President of the Boston City Council
- In office 1988–1992
- Preceded by: Bruce Bolling
- Succeeded by: Dapper O'Neil
- In office 1982
- Preceded by: Patrick F. McDonough
- Succeeded by: Joseph M. Tierney
- In office 1980
- Preceded by: Joseph M. Tierney
- Succeeded by: Patrick F. McDonough
- In office 1962
- Preceded by: Patrick F. McDonough
- Succeeded by: Peter F. Hines

Member of the Boston City Council
- In office 1970–1992
- Succeeded by: Bruce Bolling
- In office 1958–1967

Member of the Massachusetts House of Representatives
- In office 1950–1957

Personal details
- Born: May 29, 1913 San Sossio Baronia, Italy
- Died: September 12, 1992 (aged 79) Boston, Massachusetts, U.S.
- Resting place: Walnut Hill Cemetery
- Party: Democratic
- Spouse: Virginia Nelson
- Children: 4, including Christopher Jr. and Richard
- Education: Boston College (BA) Harvard University (JD)
- Occupation: Attorney

= Christopher A. Iannella =

American politician

Christopher A. Iannella (May 29, 1913 – September 12, 1992) was a member of the Boston City Council in Boston, Massachusetts, for 33 years, spanning the late 1950s until his death.

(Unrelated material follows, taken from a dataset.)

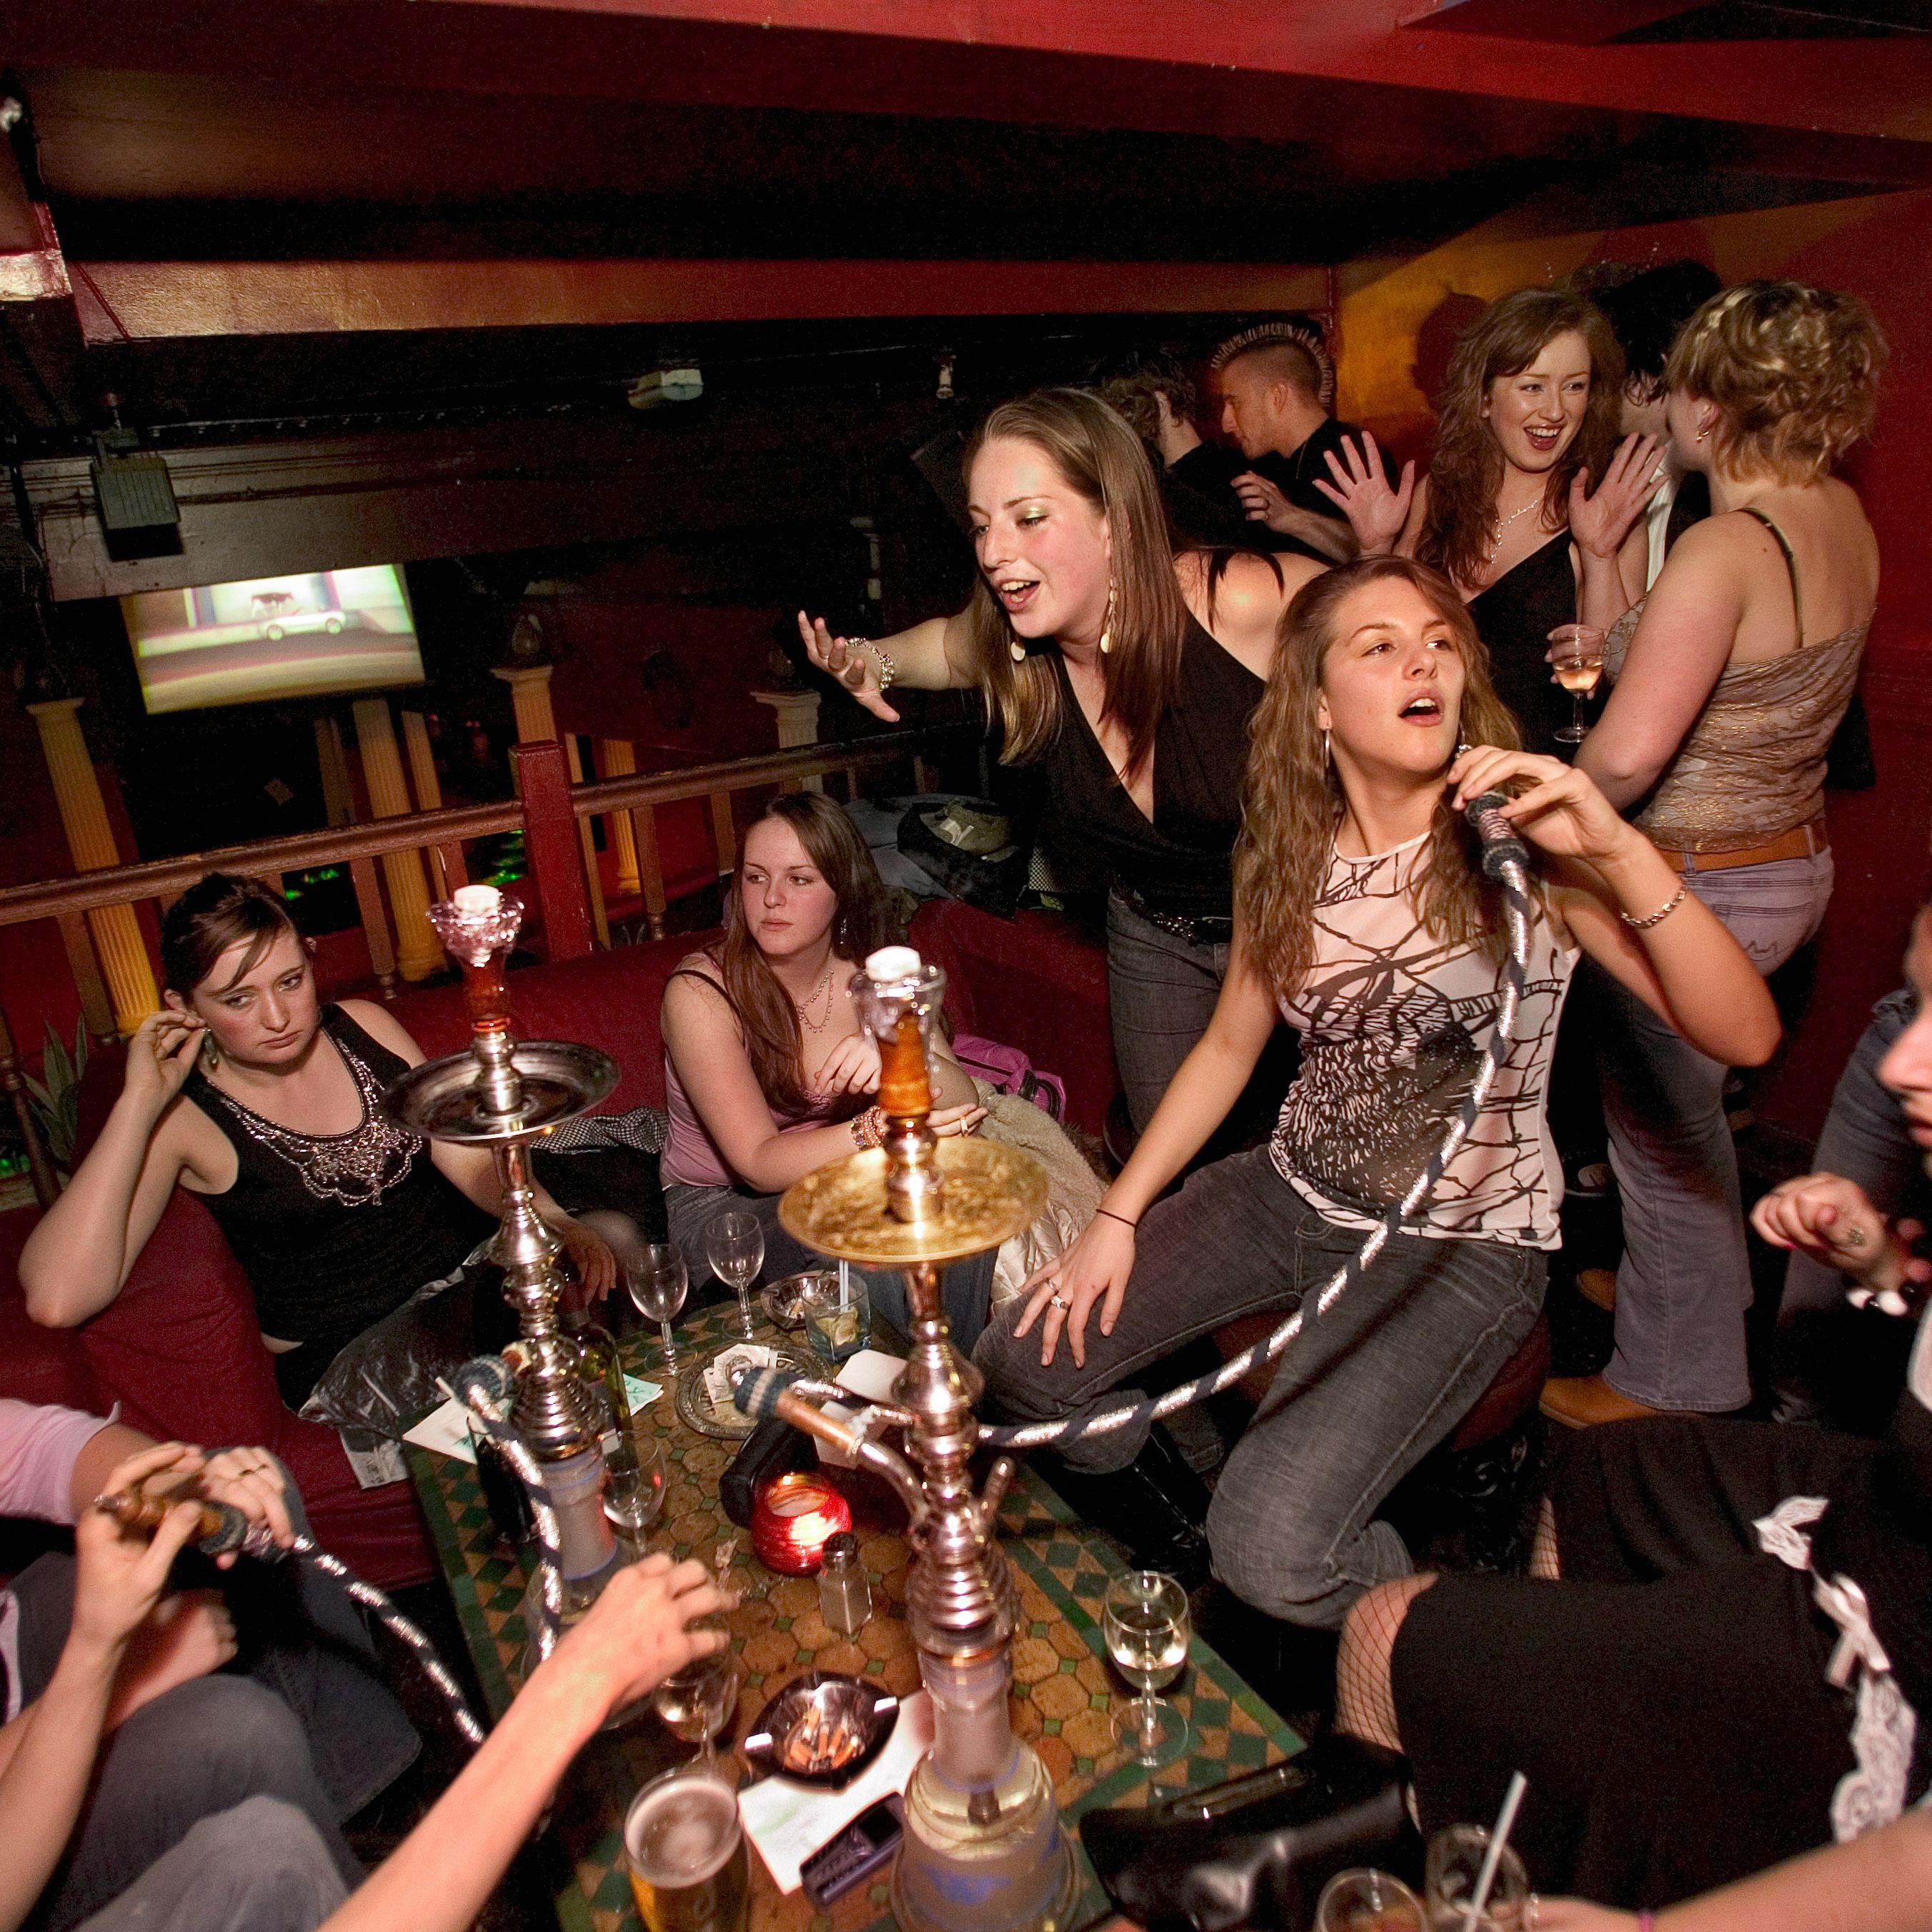 hookah hookup cigarer singles dating linje

He also served eight one-year terms as City Council president.

==Early years==
Iannella was born in the small village of San Sossio Baronia in Avellino, Italy, and arrived in the U.S. with his mother and sister at the age of eight, unable to speak English. He went on to graduate from The English High School, Boston College, and Harvard Law School. He was one of the "college boys" featured in William Foote Whyte's classic text, Street Corner Society.

==Career==
A Democrat, Iannella was elected to the Massachusetts House of Representatives in 1950, and to the Boston City Council in November 1957. He served on the council from 1958 through 1967, when he ran unsuccessfully for mayor of Boston in that year's election. He was again elected to the City Council in November 1969, and served from 1970 through his death in 1992. He was the council president in 1962, 1980, 1982, and from 1988 to 1992.

Iannella helped lead an unsuccessful effort to save Boston's West End before it was demolished in the 1950s. He was known for authoring a law that encouraged the city to hire Boston residents for government jobs, and more generally as an effective intermediary in the often contentious atmosphere of Boston politics.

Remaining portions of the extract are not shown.